I’m interested in creating a new special token that spacy can use during NER. In particular, I’d like to train spacy to recognize the occupation (entity) of a particular person in the text. For example, given the sentence “Joe the teacher and John the engineer walked down the street”, if I cared about Joe, I’d want the model to mark “teacher” as the occupation entity.
To do so, I was thinking of marking the person of interest with a special token, e.g. transforming the sentence to “KEY_PERSON the teacher and John the engineer walked down the street.” The model could then learn to find the occupation of just this particular special token.
My question is, what’s the best way to do this or the best token to use? I’m guessing that using KEY_PERSON will trigger the prefix / suffix / shape word embeddings but not the original word’s embedding since it won’t be in the vocab. Is there a better token to use, or a way to allow spacy to learn the embedding for this special token?
(If it matters, I’m planning to start the NER task with a blank language model).

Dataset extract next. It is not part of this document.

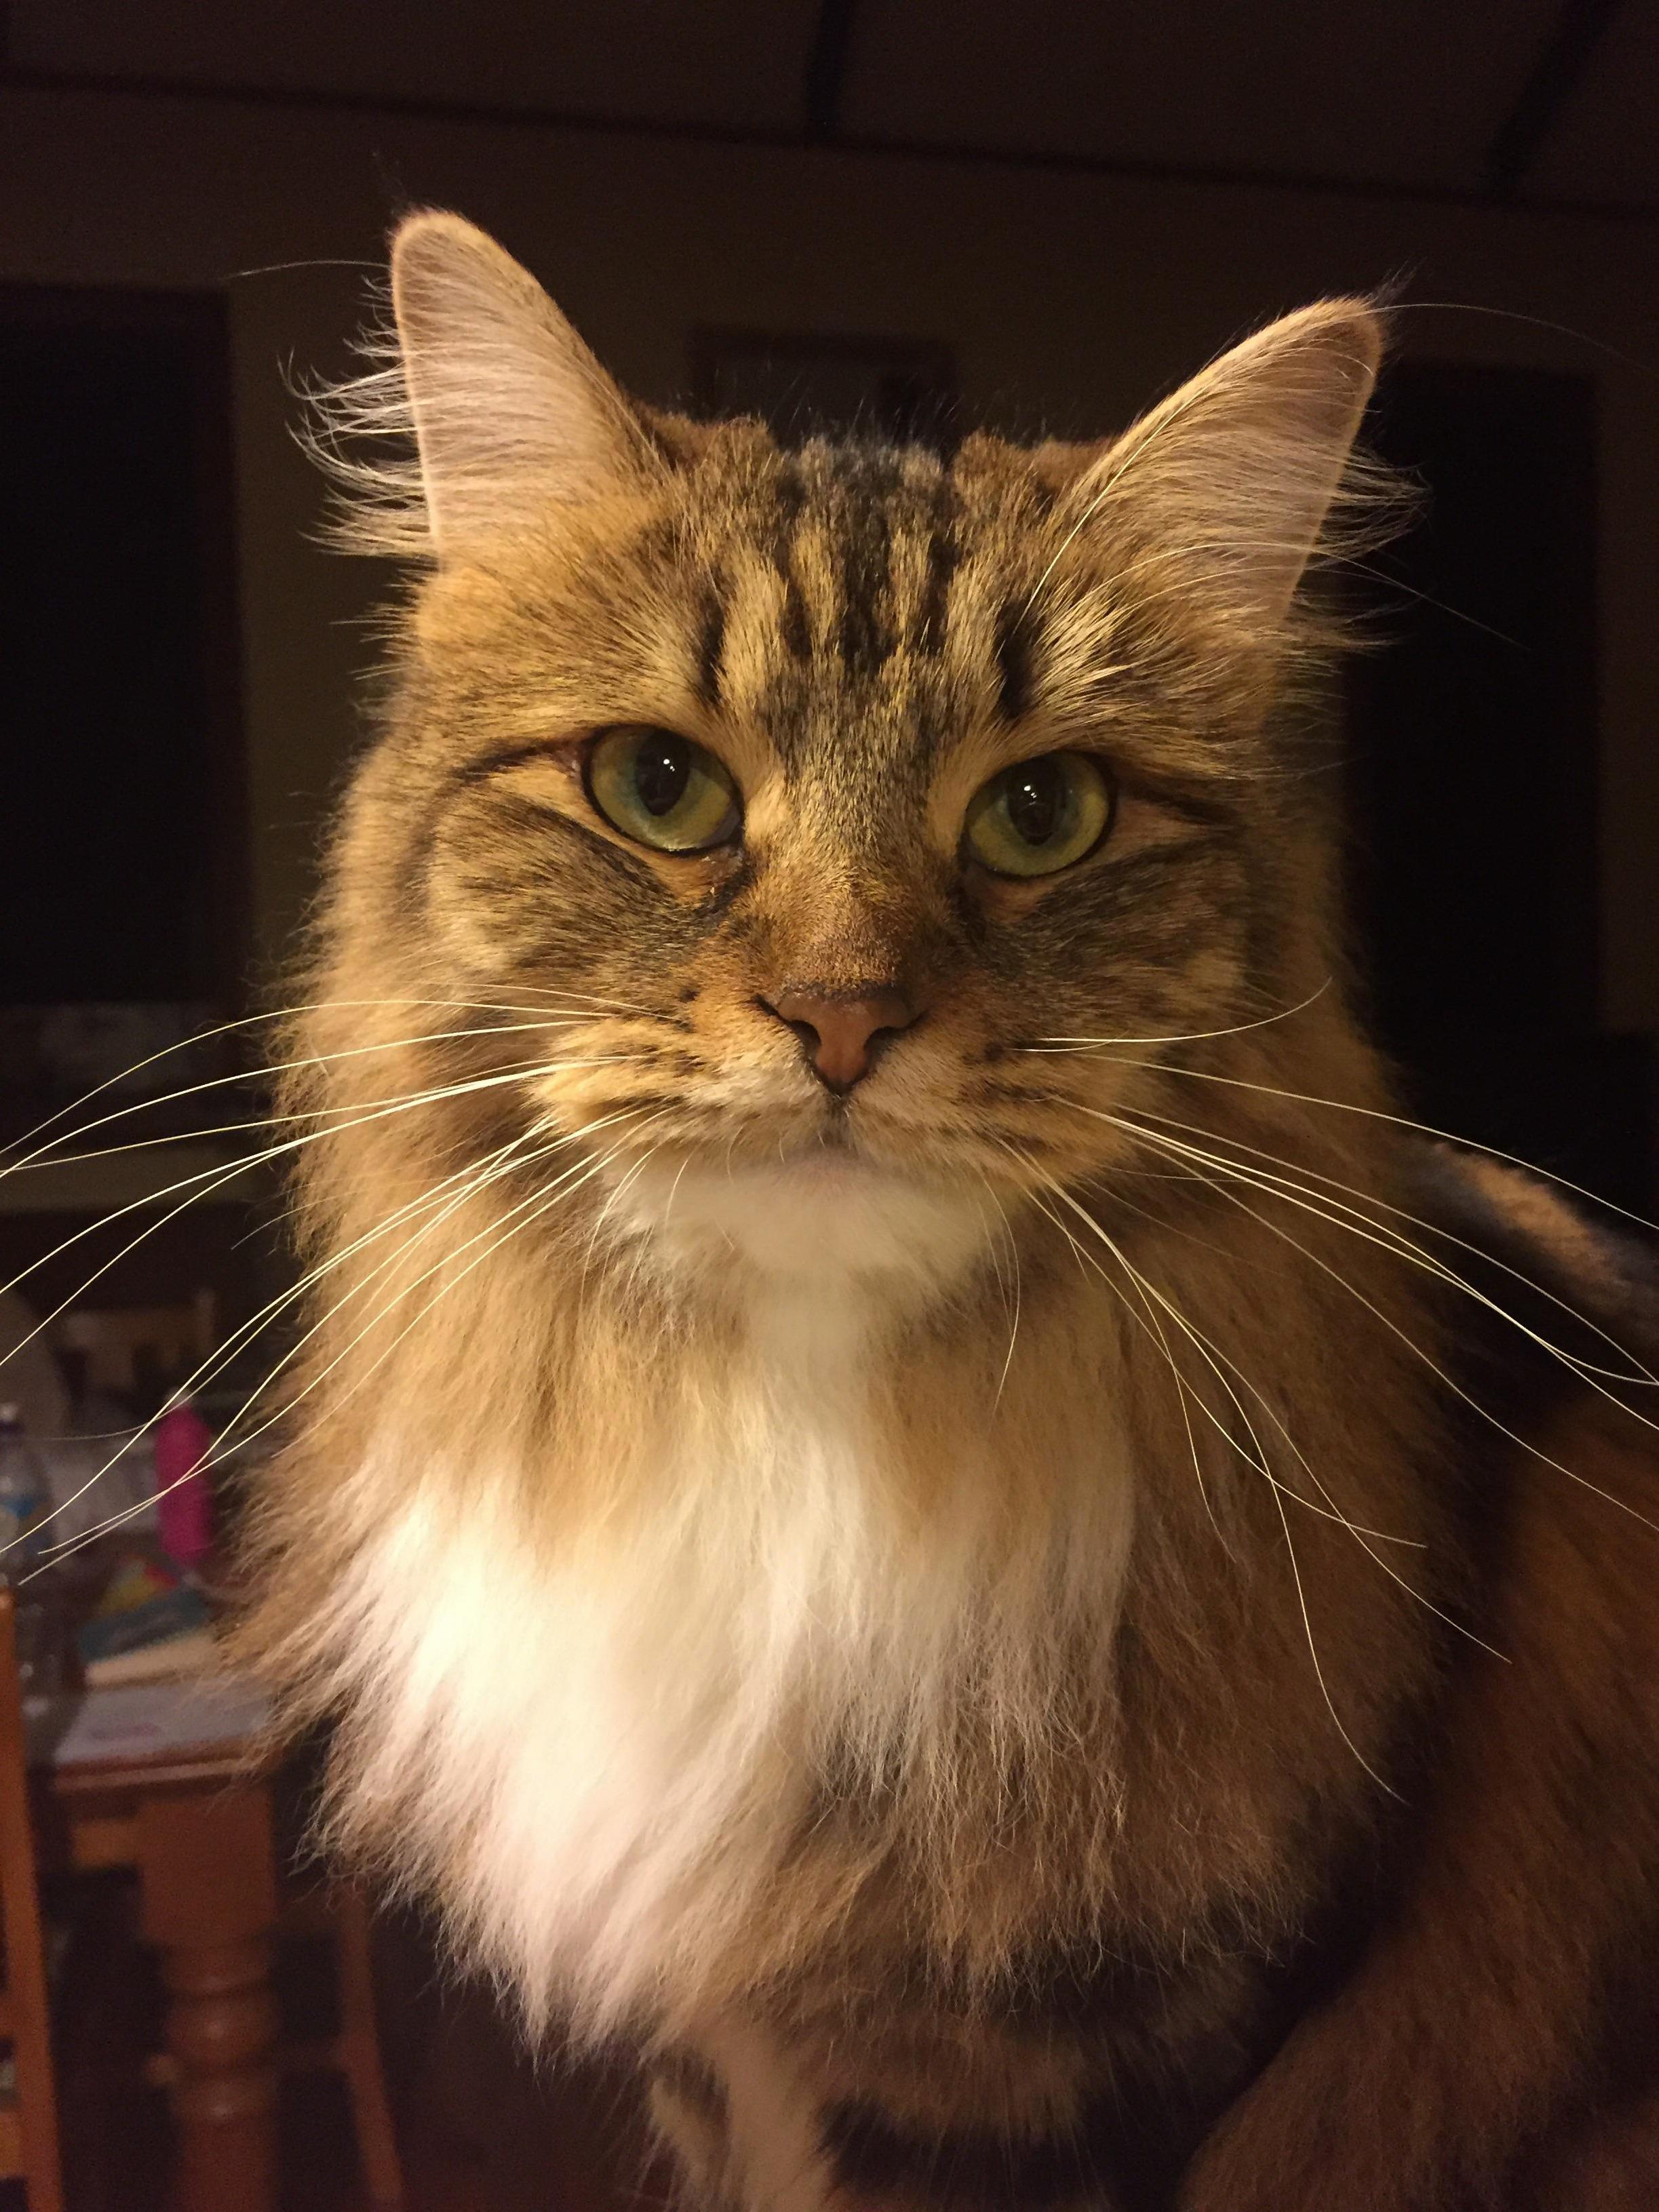 My beautiful margo the siberian – finally ready for her close up after a year
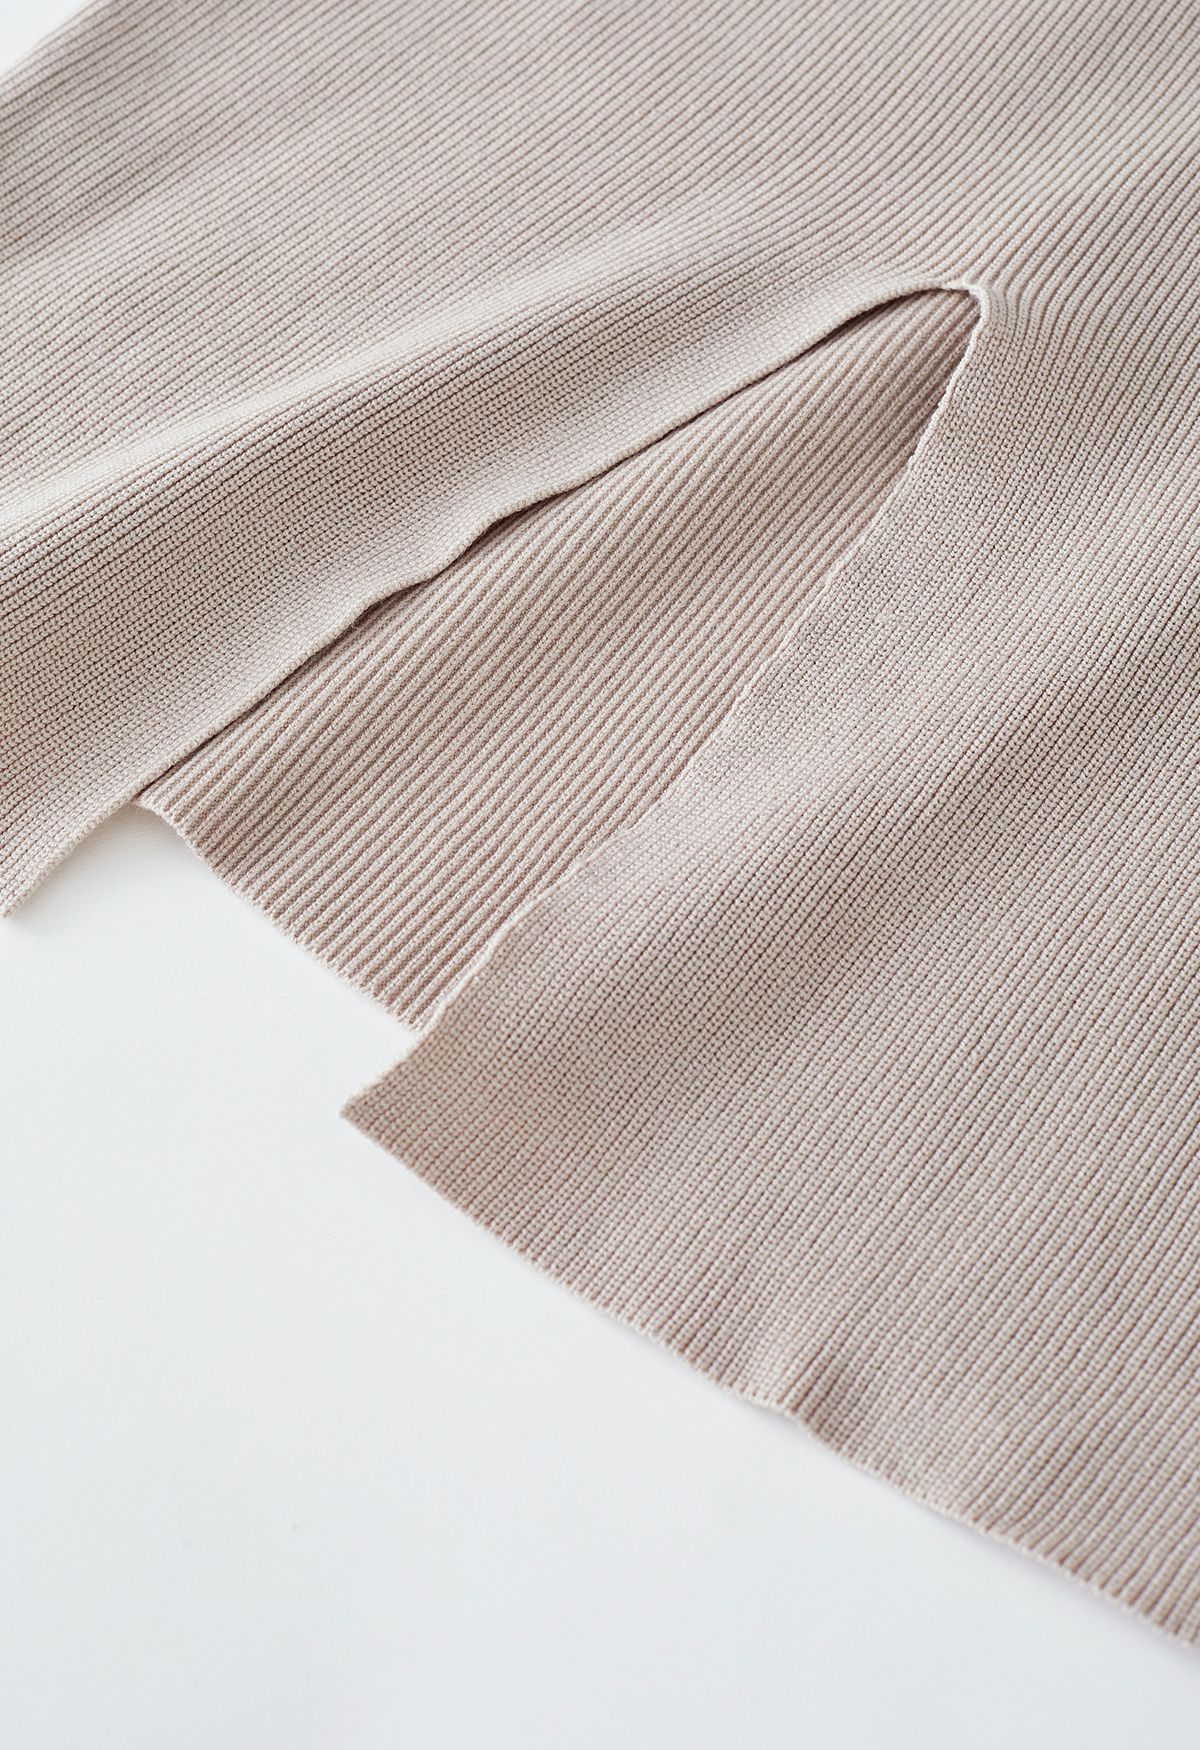 Comfy Ribbed Knit Top and Midi Skirt Set in Linen - Retro, Indie and ...

The textcat model extracts four or five lexical attributes per token, depending on whether youre using pre-trained vectors. Tokens fetch their lexical attributes via a pointer to a lexical type. All tokens of the same type point to the same underlying lexical data – so you can set the lexical attributes there.
this interpretation of tokens also pertains to the NER model? (you mentioned texcat model in your reply)
If I set the norm of a token to “hello”, the norm embedding of that token used in the model will also be that of “hello”?
When you mention it could just learn the new word - would spacy retrain norm embeddings? Either for a new norm or for an existing one. I’m assuming that a new norm has embeddings to be all 0., so it would be indistinguishable from any other out-of-vocab norm (though I can’t easily check for a blank model).
If I understand the question, yes. The flow goes like doc.to_array([NORM, PREFIX, SUFFIX, SHAPE]). Then we have a set of embedding tables that each grab a column from the table. If you set two terms to have identical norm, they’ll have the same values in the feature array, and then get assigned the same norm vector. Of course if the other features are different (prefix, suffix, shape) the words will get somewhat different vectors in the end.
This bit is rather tricky: we don’t have OOV terms, because we’re using “hash embeddings”. Let’s say we have an embedding table of 7000 rows for the norms. Normally you would give 6999 rows to the vocabulary, and 1 row would be shared by all OOV words. We don’t do this.
Instead we rehash the feature 4 times, and mod each into the table. Then we sum the pieces:
This means that we’ll always assign a non-zero vector for a word the first time we see it, and in fact the vector we assign is likely to be distinct from any other unseen word. As you make updates, the model learns to refine the representation for that word, just as it would refine the representation of an “in vocabulary” word in a normal embedding table.
So we don’t have OOV words: we can learn an unbounded number of vocabulary items, by letting words share parts of their representations. In theory it should be hard to train this; in practice it’s really not — think of all the other ways we can break our models and still have them learn things. To paraphrase Jurassic Park: the model uh, finds a way.